Many of the papers to be presented also look at how narratives
have
changed over time. Testimonies of the war from the former
East Germany, for
example, have changed dramatically since
the fall of the Berlin Wall, a
process that has happened in
all of the countries of the former Soviet bloc,
albeit in
different ways. War stories change according to who is doing
the
telling, who is doing the listening, and why the story
is being told now.
Most people touched by war will eventually tell their stories, and the
Vietnam veteran is no exception. It was the stories that some started telling
on their return to the USA that played a vital part in the process that led to
the introduction of the new diagnosis of post-traumatic stress disorder (PTSD)
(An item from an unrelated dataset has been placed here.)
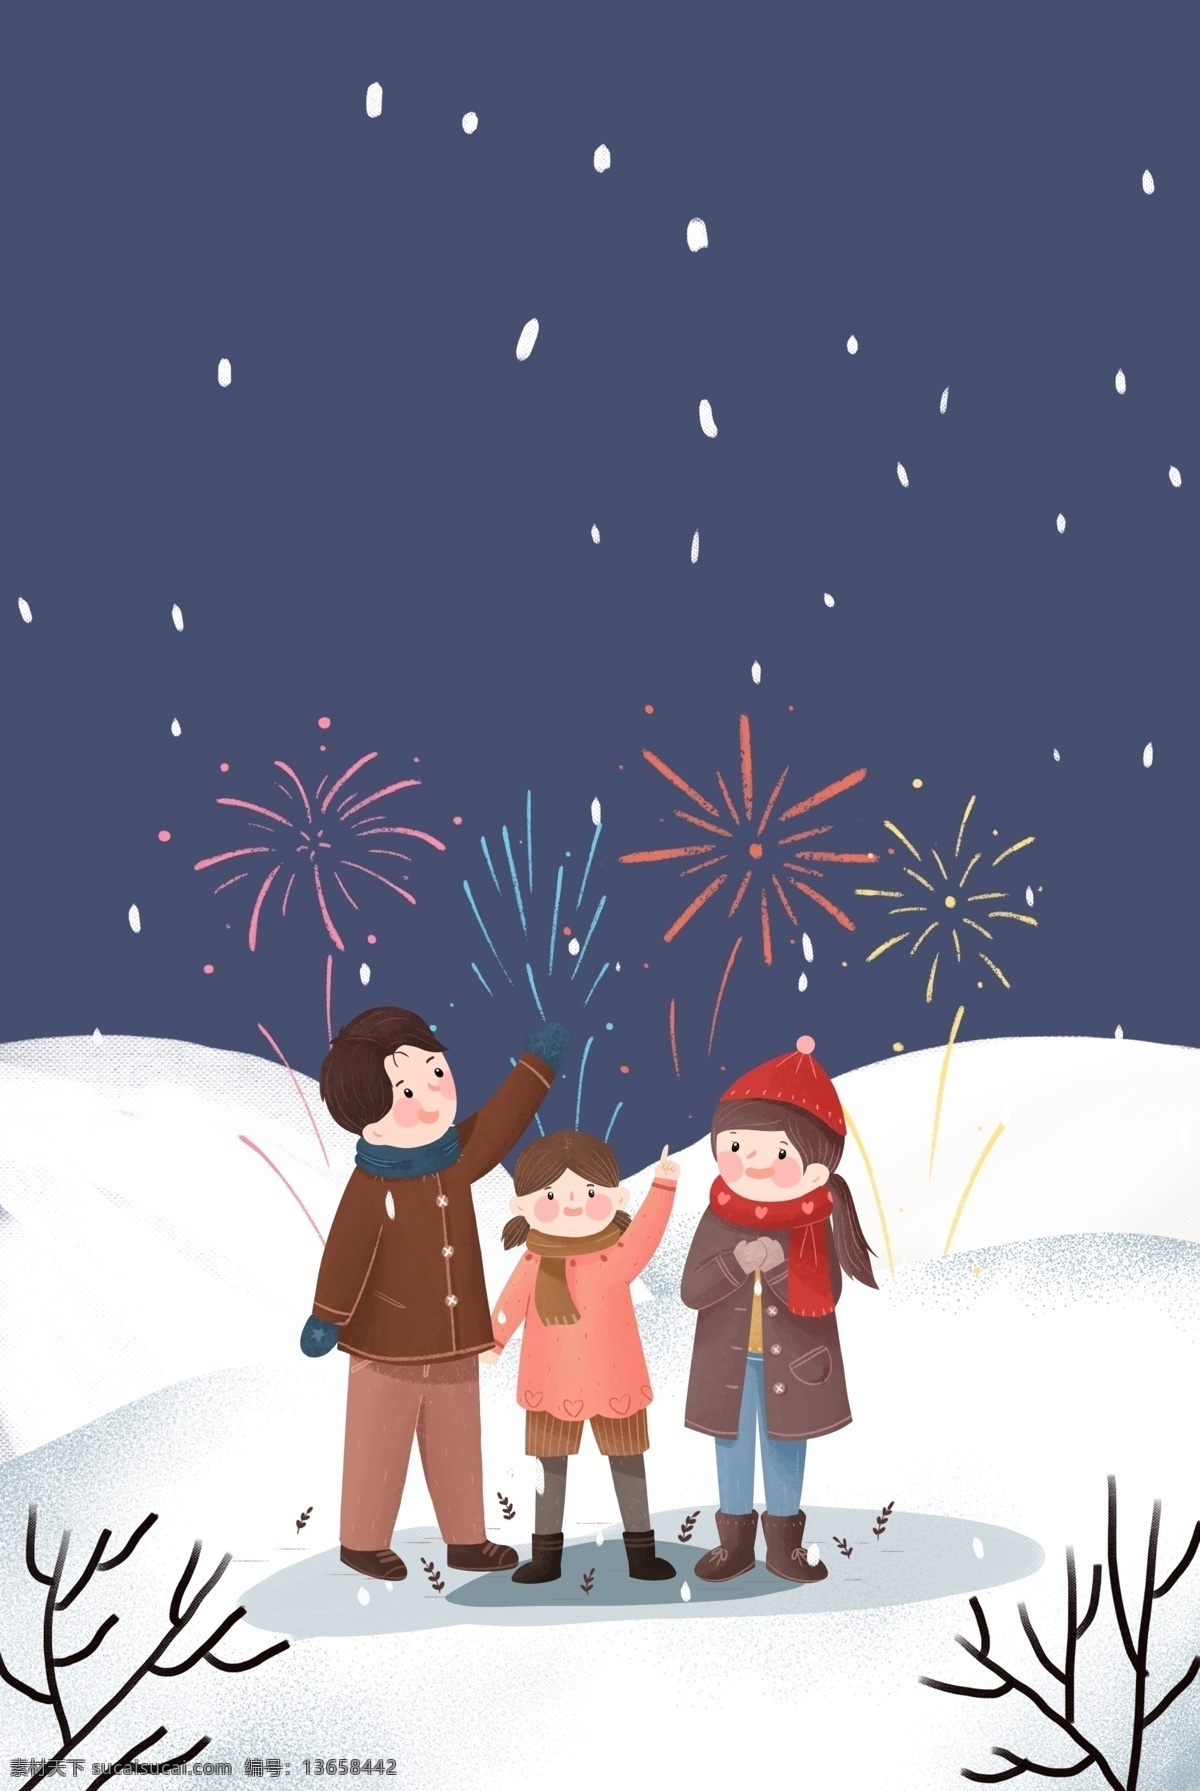 2019 新年 相伴 一家人 陪伴 家人 人物 温暖 烟花 植物 雪地 插画风 促销海报

into DSM-III (American Psychiatric
Association, 1980; Scott,
1993). But how historically accurate were those stories? There
have been hints that at least some of these testimonies did not always reflect
what happened. There have been documented cases of exaggeration by some
Vietnam veterans, and even a few in which military service was fictitious
(Sparr & Pankratz, 1983; Burkett & Whitley, 1998).
This is not unique to America or Vietnam - 13% of referrals of combat
veterans to the UK Defence Psychiatric Services Centre likewise made
factitious claims of combat exposure or military service
(Baggaley, 1998). Both the
British and American experiences suggest that claims to have served in Special
Forces, with their mystique of being secret supermen, is a particular feature
of what Baggaley has labelled military Munchausen's.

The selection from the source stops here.